Manjula Guruge

Personal information
- Full name: Manjula Asanka Guruge
- Born: 14 February 1981 (age 45) Ambalangoda, Sri Lanka
- Batting: Right-handed
- Bowling: Left-arm fast-medium
- Role: Bowler

International information
- National side: United Arab Emirates;
- ODI debut (cap 42): 1 February 2014 v Scotland
- Last ODI: 15 March 2015 v West Indies
- T20I debut (cap 4): 17 March 2014 v Netherlands
- Last T20I: 22 November 2015 v Oman

Career statistics
| Competition | ODI | T20I |
| Matches | 7 | 5 |
| Runs scored | 16 | 3 |
| Batting average | – | 3.00 |
| 100s/50s | 0/0 | 0/0 |
| Top score | 10* | 1* |
| Balls bowled | 351 | 96 |
| Wickets | 12 | 5 |
| Bowling average | 28.08 | 25.00 |
| 5 wickets in innings | 0 | 0 |
| 10 wickets in match | 0 | 0 |
| Best bowling | 4/56 | 2/18 |
| Catches/stumpings | 1/– | 1/– |
- Source: Cricinfo, 8 October 2021

= Manjula Guruge =

Emirati cricketer (born 1981)

Manjula Guruge (born 14 February 1981) is a Sri Lankan-born cricketer who played for the United Arab Emirates national cricket team. He played for the United Arab Emirates in the 2014 Cricket World Cup Qualifier tournament.

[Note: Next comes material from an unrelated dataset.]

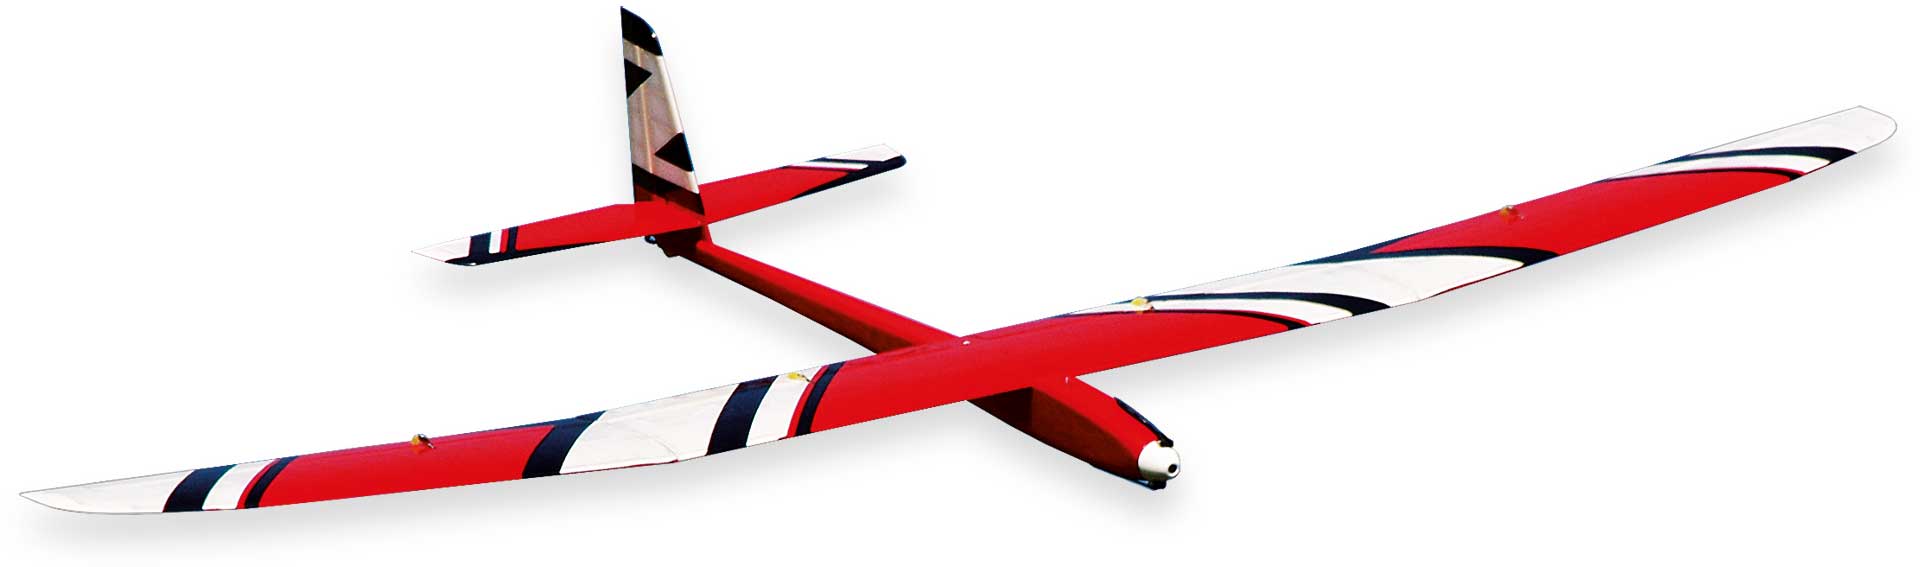 Robbe Modellsport Slider QE High Performance 4 volets Modèle d'avion électrique, kit contrepla

He played his first One Day International (ODI) at Bert Sutcliffe Oval in the 2014 ICC Cricket World Cup Qualifier final against Scotland where he took 3/67 in a 41-run defeat. He was selected for 2014 ICC World Twenty20 in Bangladesh. He made his Twenty20 International (T20I) debut against Netherlands at Sylhet Stadium.